The world's experts on fighting financial crime are gathering in Berlin to redraw the rules used to disrupt money launderers and those who fund terrorism. High on the list of priorities for the Financial Action Task Force, whose annual plenary takes place this week, is the task of extending the scrutiny on financial flows from banks and other big institutions, the traditional targets, to lawyers, accountants, auction rooms, casinos and other, smaller finance-related services.
The so-called "40 Recommendations" - the bible of the anti-money laundering world, expanded with a further 8 rules on terror finance after 9/11 - will be further added to in order to make sure fringe financial services do not act as loopholes.
But according to some, there is also a job to be done in tightening up the existing rules - not in Caribbean or Pacific islands, often labelled as havens for funny money, but in the US and the UK.
Under the counter
Neither, critics say, is doing enough to stem illicit financial flows, despite being among the loudest voices backing the crackdown on the funding of terror.
According to reports in the Financial Times, German officials accuse both countries of being reluctant to put pressure on informal money transfer systems such as the hawala system that pushes funds between the West, the Middle East and South Asia.
Many experts believe this is a prime route for terrorist finance, and Pakistan and several Gulf countries have introduced tougher regulation.
The FT says the UK and the US are worried that too harsh a stance would hurt the communities whose relatives back home depend on the financial flows.
Open shell
But the official route presents problems too, German officials told the Wall Street Journal.

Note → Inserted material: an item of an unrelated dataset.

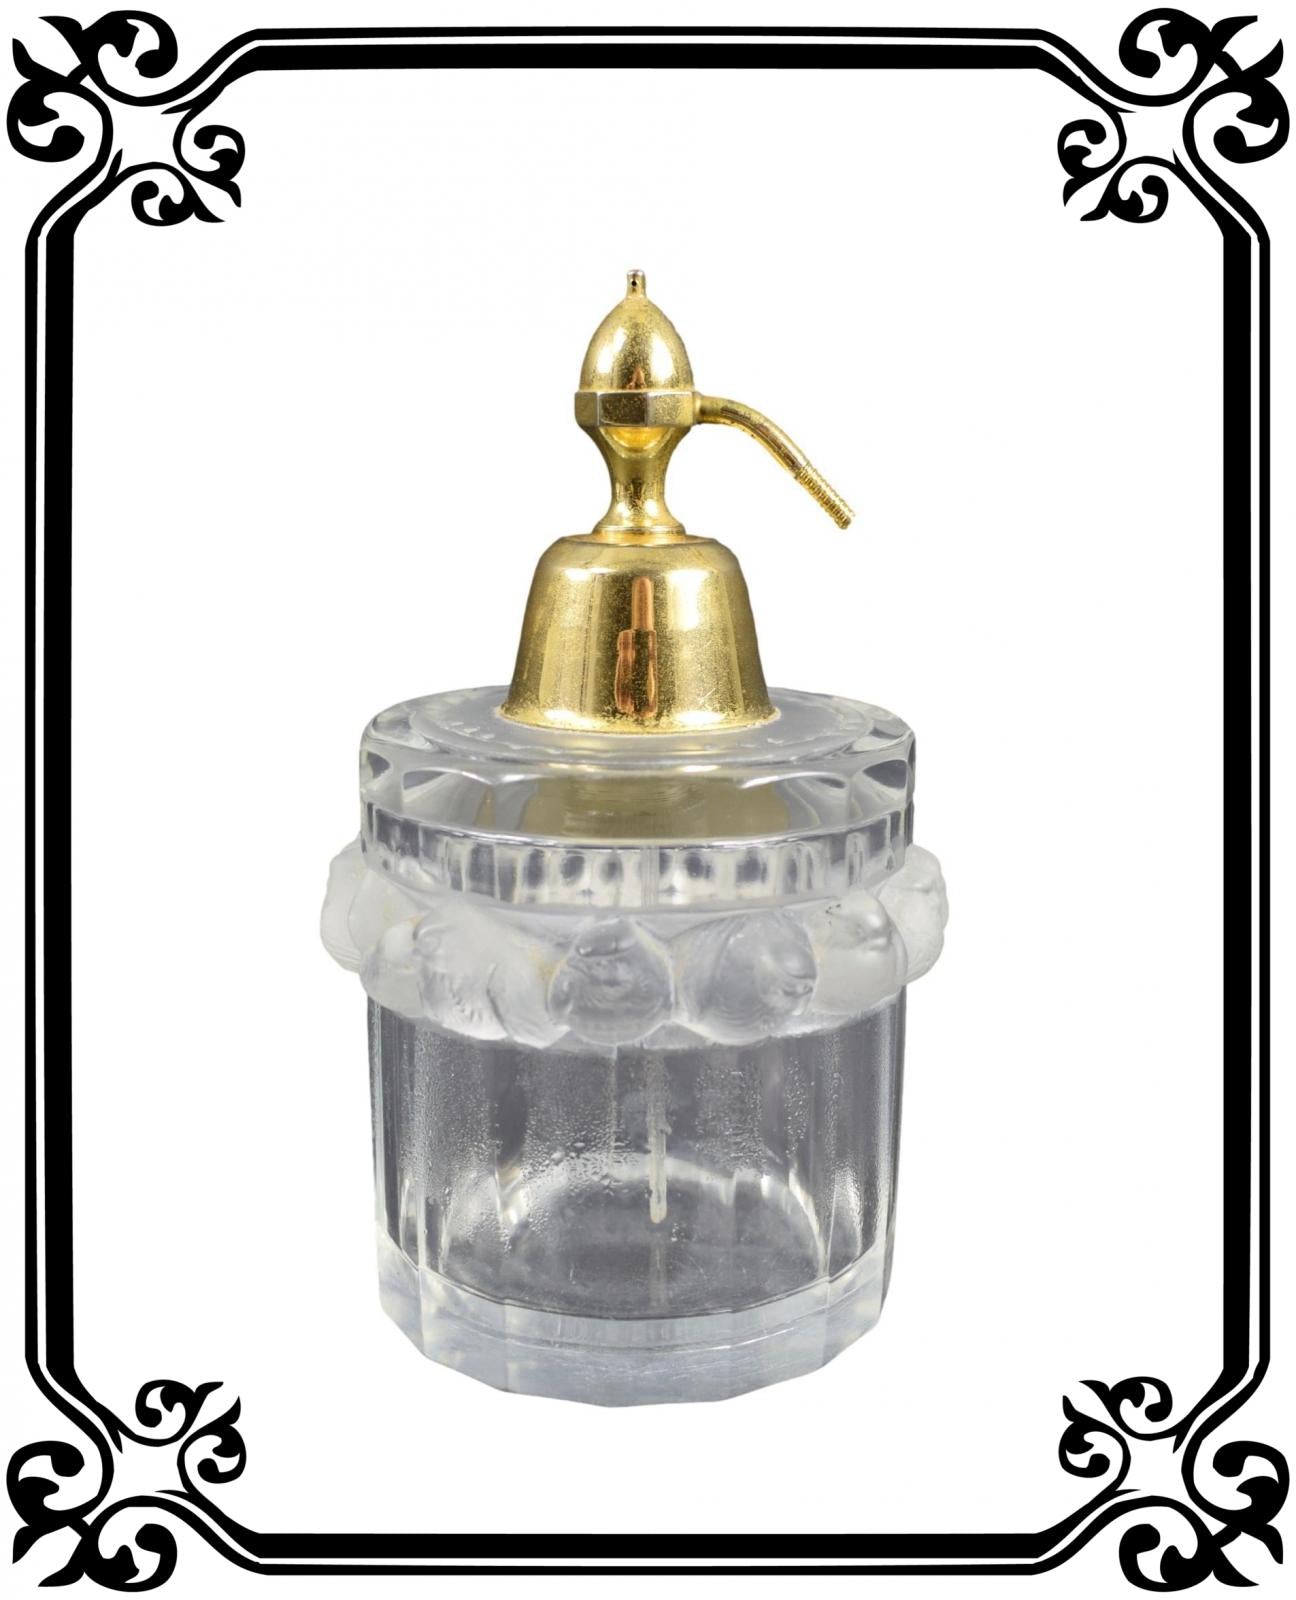 Perfume Bottle Model Robinson Lalique France

Some US states have very light regulation of corporate entities, making it easy to set up "shell" or front companies often used as a key part of the washing of illicit funds.
Delaware is often picked out as a prime example of places where commercial laws hinder investigators trying to find out who really controls a company.
The criticisms echo those made by offshore locations such as the British Virgin Islands and the Cayman Islands.
The International Trade and Investment Organisation, the lobby representing small offshore financial centres, published a study last year suggesting that regulation was laxer there and in Hong Kong than it was in ITIO members.
And earlier this month, the UK chapter of international anti-corruption group Transparency International published a report saying that the UK's own controls on money laundering needed to be tightened up.